Ergebnis in 2000 tief rot gefärbt
EADS rechnet 2001 auch nach Steuern mit Gewinn

Der europäische Luft- und Raumfahrtkonzern erwartet im laufenden Jahr auch nach Steuern schwarze Zahlen und rechnet operativ trotz der Kosten für das Großraumflugzeug A380 erneut mit Gewinnzuwächsen.

Reuters AMSTERDAM. Der Wechsel von einer pauschalen Absicherung der Währungsrisiken zu einer auf einzelne Aufträge bezogenen Methode werde die EADS auch nach Steuern profitabel machen, sagte Finanzchef Axel Arendt am Montag in Amsterdam.
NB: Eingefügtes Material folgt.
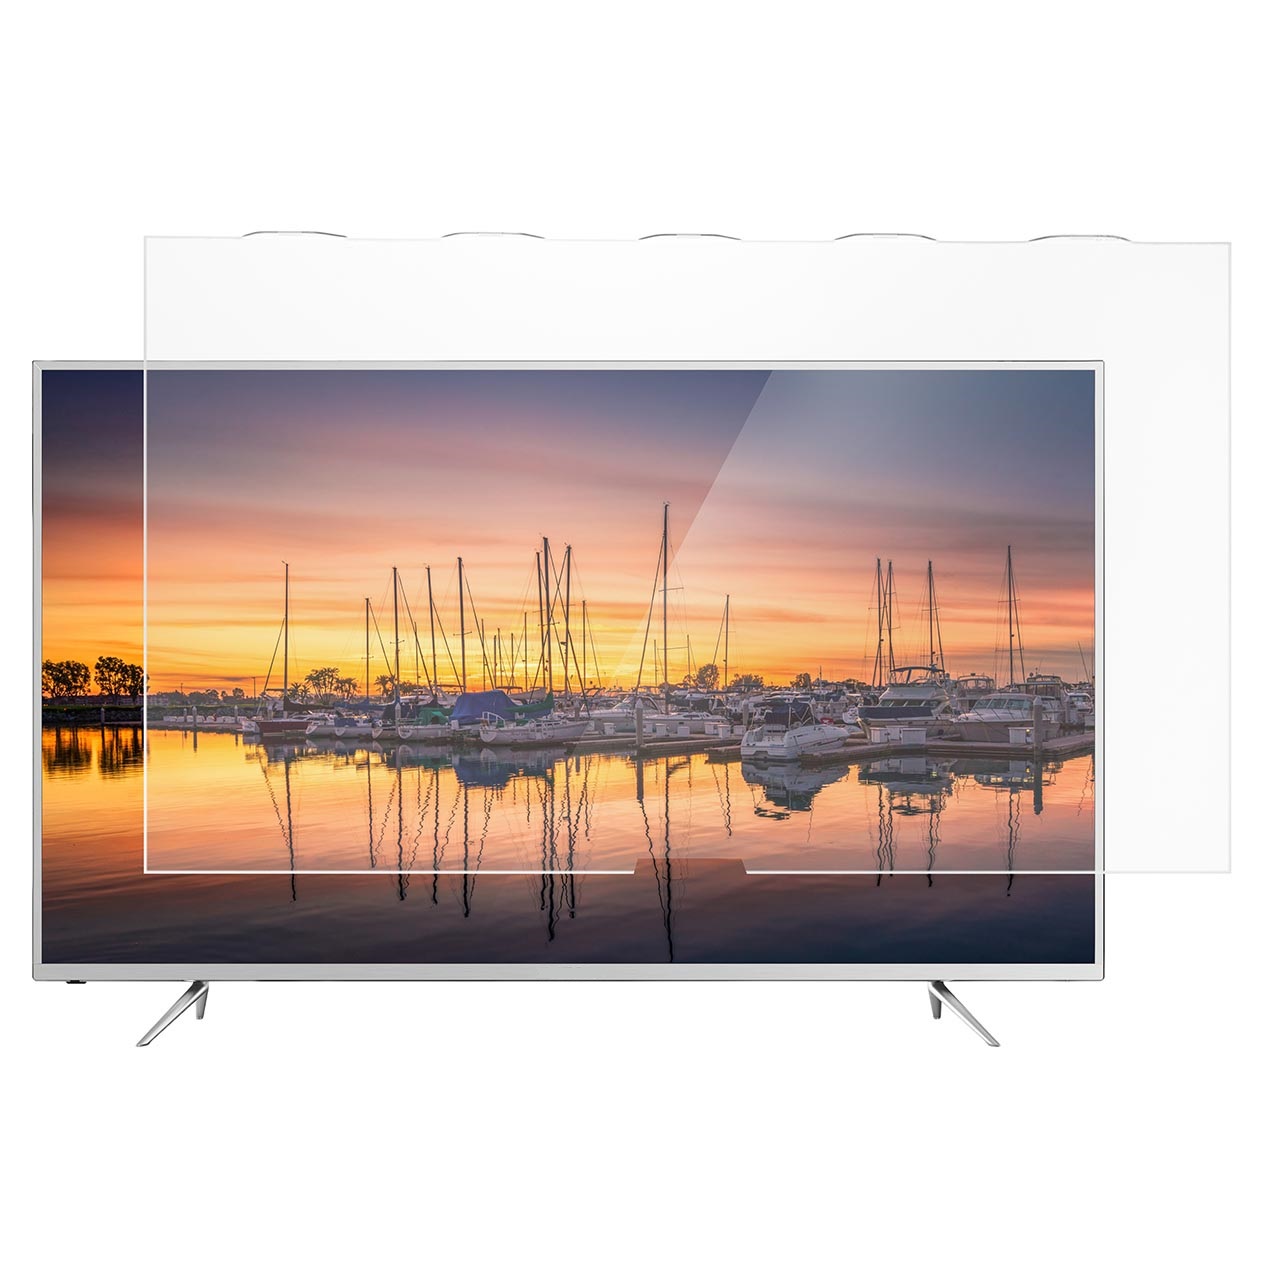 محافظ صفحه تلویزیون اس اچ  مدل S_55-6970  مناسب برای تلویزیون سامسونگ 55 اینچ مدلهای 6960-6970-6900

Vor allem diese Effekte hatten 2000 das Ergebnis unter dem Strich tief rot gefärbt, obwohl hohe Gewinne beim Flugzeugbauer Airbus zu einem Gewinn vor Steuern und Zinsen von 1,40 (Vorjahr bereinigt: 1,26) Mrd. Euro geführt hatten. Für 2001 stellte Co-Vorstandschef Philippe Camus ein Plus von 15 % bei Umsatz und Ergebnis in Aussicht.

Der Nettoverlust des deutsch-französischen Konzerns war 2000 zwar auf 909 Mill. von 1,05 Mrd. Euro 1999 gesunken, der steigende Dollar, die Wechselkursabsicherung (Hedging) und hohe Abschreibungen hatten das Unternehmen jedoch tief in den roten Zahlen gehalten. Analysten hatten das Währungsrisiko weit geringer eingeschätzt. Beim Gewinn vor Steuern und Zinsen lag die EADS aber über den eigenen Erwartungen und den Prognosen von Analysten. Co-Vorstandschef Rainer Hertrich hatte bereits einen höheren Wert in Aussicht gestellt als die 1,26 Mrd. Euro, die die Vorgängerunternehmen Dasa, Aerospatiale Matra und Casa ein Jahr zuvor - um Beteiligungsverkäufe bereinigt - erwirtschaftet hatten. Analysten hatten aber nur eine Steigerung auf 1,31 Mrd. Euro gesehen.